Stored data
────────

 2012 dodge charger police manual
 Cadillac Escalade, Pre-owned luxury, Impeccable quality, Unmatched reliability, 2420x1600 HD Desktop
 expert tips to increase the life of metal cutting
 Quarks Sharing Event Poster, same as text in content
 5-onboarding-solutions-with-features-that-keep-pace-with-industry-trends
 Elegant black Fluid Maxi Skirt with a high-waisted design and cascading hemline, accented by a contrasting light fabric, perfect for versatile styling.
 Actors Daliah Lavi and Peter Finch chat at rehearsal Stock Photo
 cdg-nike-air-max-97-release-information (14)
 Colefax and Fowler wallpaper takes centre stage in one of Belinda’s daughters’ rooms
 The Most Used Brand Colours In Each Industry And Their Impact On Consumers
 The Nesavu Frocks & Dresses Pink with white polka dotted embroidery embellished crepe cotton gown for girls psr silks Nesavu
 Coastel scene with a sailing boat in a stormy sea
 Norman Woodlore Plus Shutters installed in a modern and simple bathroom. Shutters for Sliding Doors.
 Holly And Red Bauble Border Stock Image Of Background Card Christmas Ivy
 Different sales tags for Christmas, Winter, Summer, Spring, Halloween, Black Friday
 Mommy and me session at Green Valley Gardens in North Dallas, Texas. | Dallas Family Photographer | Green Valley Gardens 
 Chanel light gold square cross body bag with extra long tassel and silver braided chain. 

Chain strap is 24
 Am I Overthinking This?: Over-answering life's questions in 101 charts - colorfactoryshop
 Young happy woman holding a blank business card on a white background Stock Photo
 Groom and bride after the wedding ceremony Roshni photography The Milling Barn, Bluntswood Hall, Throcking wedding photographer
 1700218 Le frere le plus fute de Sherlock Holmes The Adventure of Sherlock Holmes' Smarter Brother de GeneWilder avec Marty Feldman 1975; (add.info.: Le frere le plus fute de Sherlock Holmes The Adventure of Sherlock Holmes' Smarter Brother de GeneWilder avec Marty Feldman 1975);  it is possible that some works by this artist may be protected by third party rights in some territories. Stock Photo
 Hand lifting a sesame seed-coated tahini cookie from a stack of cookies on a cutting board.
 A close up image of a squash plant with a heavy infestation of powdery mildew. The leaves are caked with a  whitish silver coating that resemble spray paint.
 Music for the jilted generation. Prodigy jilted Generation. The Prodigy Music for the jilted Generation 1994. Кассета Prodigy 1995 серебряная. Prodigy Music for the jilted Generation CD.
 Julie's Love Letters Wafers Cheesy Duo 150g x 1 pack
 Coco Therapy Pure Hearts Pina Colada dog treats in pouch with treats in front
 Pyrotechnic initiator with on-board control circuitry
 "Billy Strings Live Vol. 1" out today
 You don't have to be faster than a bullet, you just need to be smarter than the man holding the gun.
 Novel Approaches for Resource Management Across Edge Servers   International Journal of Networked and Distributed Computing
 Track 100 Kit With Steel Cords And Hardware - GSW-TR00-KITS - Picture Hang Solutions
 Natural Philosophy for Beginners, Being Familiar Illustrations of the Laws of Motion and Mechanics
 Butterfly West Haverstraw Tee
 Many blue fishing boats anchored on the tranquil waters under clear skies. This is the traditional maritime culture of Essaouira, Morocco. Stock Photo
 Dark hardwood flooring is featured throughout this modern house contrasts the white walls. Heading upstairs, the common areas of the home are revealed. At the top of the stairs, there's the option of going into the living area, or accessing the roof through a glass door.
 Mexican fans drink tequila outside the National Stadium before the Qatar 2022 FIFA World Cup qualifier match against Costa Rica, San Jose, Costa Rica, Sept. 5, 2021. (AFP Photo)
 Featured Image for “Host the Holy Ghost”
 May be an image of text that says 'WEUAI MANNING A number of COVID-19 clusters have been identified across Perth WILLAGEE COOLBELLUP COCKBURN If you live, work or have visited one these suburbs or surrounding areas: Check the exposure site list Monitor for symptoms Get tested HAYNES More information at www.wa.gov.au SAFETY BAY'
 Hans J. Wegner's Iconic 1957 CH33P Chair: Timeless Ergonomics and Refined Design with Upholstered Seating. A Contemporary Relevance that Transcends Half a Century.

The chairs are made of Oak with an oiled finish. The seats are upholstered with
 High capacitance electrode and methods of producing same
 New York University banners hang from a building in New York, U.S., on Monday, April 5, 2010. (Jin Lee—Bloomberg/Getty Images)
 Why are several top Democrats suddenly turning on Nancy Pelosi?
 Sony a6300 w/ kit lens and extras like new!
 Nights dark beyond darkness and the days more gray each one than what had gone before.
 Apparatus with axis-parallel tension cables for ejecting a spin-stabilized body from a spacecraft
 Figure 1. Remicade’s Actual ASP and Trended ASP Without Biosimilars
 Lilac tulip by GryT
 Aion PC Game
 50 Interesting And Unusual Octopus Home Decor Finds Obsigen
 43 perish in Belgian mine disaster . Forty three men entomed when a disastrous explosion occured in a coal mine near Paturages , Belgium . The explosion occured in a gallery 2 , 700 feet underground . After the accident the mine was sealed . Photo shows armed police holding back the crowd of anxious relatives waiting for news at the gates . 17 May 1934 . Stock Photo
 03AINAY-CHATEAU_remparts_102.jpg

────────

What is needed
Copy, without any change, the lines above from the one containing "The chairs are" to the end, both ends included. Add nothing else.

Written answer
The chairs are made of Oak with an oiled finish. The seats are upholstered with
 High capacitance electrode and methods of producing same
 New York University banners hang from a building in New York, U.S., on Monday, April 5, 2010. (Jin Lee—Bloomberg/Getty Images)
 Why are several top Democrats suddenly turning on Nancy Pelosi?
 Sony a6300 w/ kit lens and extras like new!
 Nights dark beyond darkness and the days more gray each one than what had gone before.
 Apparatus with axis-parallel tension cables for ejecting a spin-stabilized body from a spacecraft
 Figure 1. Remicade’s Actual ASP and Trended ASP Without Biosimilars
 Lilac tulip by GryT
 Aion PC Game
 50 Interesting And Unusual Octopus Home Decor Finds Obsigen
 43 perish in Belgian mine disaster . Forty three men entomed when a disastrous explosion occured in a coal mine near Paturages , Belgium . The explosion occured in a gallery 2 , 700 feet underground . After the accident the mine was sealed . Photo shows armed police holding back the crowd of anxious relatives waiting for news at the gates . 17 May 1934 . Stock Photo
 03AINAY-CHATEAU_remparts_102.jpg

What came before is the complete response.